**Task**
In the entries that follow, find the line containing "Garoto de 14"; from there, copy every line exactly through the line containing "日本限定版 国内正規品 LEADERS".

**Task data**
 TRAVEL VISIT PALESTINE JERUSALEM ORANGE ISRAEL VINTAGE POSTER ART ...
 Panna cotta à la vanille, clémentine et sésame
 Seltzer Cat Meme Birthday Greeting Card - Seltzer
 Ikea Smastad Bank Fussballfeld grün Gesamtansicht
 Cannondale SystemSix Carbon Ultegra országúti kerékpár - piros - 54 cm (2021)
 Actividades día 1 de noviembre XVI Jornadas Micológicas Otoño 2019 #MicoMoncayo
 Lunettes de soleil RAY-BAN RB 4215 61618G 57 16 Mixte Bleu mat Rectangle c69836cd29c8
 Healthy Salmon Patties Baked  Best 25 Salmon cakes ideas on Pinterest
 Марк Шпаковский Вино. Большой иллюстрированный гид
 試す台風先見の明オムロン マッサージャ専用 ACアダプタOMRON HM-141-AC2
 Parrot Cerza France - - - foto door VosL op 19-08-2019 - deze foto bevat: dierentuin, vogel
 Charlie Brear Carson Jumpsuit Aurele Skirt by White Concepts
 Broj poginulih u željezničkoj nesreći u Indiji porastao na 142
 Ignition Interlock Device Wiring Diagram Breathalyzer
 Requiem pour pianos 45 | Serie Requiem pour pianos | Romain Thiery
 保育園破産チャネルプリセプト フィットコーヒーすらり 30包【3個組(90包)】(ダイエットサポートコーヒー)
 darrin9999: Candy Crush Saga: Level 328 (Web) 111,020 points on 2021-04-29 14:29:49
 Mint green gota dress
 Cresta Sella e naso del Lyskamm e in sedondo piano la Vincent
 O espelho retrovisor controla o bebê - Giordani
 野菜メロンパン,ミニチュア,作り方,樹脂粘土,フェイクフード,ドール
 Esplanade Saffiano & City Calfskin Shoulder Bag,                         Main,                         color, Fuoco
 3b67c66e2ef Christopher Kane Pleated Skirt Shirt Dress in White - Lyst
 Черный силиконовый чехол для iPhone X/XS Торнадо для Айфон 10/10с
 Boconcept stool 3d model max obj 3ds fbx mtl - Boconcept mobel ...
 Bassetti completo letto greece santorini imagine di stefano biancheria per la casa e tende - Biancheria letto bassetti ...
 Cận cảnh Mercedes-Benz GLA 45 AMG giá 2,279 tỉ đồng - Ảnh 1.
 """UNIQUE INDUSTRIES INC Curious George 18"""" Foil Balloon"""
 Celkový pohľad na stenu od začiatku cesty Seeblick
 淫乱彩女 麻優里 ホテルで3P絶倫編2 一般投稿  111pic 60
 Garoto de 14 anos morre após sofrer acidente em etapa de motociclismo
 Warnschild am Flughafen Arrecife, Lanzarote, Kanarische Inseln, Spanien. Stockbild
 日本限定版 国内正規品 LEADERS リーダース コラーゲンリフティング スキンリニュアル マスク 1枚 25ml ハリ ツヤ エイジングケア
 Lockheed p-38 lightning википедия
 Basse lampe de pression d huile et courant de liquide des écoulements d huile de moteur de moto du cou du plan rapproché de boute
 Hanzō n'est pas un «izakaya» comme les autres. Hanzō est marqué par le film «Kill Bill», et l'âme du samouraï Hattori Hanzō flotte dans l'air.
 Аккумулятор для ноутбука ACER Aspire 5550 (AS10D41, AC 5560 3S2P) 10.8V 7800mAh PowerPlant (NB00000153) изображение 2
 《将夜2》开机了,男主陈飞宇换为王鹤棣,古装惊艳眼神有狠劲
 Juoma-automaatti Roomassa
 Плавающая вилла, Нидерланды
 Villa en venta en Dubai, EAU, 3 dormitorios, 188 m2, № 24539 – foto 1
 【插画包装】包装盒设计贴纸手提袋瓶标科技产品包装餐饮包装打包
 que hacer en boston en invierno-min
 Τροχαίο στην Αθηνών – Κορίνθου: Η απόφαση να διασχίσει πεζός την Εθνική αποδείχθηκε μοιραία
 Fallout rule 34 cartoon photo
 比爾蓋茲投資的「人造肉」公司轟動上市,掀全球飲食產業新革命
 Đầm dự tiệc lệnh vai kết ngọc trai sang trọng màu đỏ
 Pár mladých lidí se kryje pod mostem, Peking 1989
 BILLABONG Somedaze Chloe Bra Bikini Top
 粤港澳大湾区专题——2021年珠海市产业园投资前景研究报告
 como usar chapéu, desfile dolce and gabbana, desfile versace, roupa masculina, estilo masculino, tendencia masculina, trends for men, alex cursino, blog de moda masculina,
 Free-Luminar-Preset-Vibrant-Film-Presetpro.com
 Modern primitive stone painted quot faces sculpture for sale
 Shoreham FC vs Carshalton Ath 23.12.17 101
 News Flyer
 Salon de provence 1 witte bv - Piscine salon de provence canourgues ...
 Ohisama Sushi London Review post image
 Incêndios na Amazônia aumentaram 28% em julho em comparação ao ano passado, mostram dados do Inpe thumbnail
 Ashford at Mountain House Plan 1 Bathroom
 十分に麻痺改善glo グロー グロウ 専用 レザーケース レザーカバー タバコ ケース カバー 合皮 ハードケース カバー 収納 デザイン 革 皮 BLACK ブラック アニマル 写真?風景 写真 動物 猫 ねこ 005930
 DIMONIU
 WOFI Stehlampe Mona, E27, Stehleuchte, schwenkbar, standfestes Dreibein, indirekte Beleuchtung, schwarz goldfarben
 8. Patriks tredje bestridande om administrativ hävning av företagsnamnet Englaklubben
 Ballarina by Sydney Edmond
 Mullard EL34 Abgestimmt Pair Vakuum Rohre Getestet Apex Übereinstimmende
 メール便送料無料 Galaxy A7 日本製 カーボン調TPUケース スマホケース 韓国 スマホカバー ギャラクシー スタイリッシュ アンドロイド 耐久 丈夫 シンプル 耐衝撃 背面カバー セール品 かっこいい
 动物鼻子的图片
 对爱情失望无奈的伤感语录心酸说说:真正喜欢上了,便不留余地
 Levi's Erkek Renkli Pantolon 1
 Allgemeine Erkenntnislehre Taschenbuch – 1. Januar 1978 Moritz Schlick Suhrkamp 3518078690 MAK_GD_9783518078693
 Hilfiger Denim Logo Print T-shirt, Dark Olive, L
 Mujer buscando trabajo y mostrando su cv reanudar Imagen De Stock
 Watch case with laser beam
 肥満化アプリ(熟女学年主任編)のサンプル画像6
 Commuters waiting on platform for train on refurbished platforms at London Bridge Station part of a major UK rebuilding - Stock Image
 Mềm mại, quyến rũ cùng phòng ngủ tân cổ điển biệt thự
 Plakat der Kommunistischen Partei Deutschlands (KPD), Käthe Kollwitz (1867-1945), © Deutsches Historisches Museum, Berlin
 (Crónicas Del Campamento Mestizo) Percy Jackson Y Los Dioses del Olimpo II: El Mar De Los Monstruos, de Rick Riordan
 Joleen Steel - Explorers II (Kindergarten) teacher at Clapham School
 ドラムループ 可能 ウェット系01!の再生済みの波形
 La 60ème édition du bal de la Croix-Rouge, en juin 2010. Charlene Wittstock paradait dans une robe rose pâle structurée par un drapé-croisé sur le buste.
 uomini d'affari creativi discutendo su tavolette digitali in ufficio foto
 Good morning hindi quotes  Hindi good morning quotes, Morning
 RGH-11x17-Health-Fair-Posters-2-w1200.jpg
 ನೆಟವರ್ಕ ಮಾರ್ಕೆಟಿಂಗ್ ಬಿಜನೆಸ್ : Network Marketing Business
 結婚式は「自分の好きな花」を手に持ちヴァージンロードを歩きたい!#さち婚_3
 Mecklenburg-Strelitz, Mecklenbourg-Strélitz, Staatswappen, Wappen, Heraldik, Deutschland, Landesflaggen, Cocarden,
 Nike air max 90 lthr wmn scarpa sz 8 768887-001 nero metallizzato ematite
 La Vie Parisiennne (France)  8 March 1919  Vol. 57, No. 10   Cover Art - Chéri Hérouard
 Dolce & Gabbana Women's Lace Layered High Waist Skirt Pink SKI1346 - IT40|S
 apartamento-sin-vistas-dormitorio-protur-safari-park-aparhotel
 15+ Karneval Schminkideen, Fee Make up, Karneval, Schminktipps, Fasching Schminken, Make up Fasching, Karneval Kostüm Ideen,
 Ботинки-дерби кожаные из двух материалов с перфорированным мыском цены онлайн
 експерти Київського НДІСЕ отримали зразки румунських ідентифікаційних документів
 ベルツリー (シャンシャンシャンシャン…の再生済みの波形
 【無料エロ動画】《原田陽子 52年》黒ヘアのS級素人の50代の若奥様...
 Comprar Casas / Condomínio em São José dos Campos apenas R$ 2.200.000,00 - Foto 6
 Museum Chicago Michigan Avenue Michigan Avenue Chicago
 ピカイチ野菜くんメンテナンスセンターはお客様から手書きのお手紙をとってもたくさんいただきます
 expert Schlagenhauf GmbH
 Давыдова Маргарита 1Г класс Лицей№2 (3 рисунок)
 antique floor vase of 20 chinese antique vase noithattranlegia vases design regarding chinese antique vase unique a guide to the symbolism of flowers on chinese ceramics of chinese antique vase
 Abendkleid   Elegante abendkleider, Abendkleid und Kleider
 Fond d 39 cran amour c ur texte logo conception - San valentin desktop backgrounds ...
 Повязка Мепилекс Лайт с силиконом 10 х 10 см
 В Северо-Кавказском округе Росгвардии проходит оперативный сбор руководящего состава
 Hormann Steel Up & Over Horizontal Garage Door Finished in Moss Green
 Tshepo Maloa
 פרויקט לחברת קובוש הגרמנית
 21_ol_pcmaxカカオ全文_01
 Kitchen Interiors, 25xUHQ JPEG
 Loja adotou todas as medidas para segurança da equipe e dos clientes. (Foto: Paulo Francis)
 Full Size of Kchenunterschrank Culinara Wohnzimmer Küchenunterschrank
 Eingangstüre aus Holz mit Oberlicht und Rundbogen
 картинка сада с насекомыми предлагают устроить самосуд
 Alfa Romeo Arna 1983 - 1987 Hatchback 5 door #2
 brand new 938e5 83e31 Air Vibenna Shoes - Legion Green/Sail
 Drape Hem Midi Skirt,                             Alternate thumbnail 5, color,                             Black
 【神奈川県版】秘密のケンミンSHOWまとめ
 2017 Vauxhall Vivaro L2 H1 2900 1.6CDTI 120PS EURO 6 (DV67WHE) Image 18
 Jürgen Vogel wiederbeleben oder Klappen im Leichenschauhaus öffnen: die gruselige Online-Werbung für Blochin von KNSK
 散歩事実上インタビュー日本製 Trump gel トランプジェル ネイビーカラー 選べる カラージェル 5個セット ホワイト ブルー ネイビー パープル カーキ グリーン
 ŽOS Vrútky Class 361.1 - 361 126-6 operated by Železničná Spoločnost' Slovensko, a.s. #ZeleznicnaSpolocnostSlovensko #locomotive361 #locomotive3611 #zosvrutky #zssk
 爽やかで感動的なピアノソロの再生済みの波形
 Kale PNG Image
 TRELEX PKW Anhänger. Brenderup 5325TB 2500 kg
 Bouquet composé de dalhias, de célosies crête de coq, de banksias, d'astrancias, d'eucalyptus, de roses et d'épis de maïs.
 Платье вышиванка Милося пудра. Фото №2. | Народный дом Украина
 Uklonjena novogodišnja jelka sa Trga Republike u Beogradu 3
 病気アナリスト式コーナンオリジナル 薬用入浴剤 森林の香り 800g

**Response**
 Garoto de 14 anos morre após sofrer acidente em etapa de motociclismo
 Warnschild am Flughafen Arrecife, Lanzarote, Kanarische Inseln, Spanien. Stockbild
 日本限定版 国内正規品 LEADERS リーダース コラーゲンリフティング スキンリニュアル マスク 1枚 25ml ハリ ツヤ エイジングケア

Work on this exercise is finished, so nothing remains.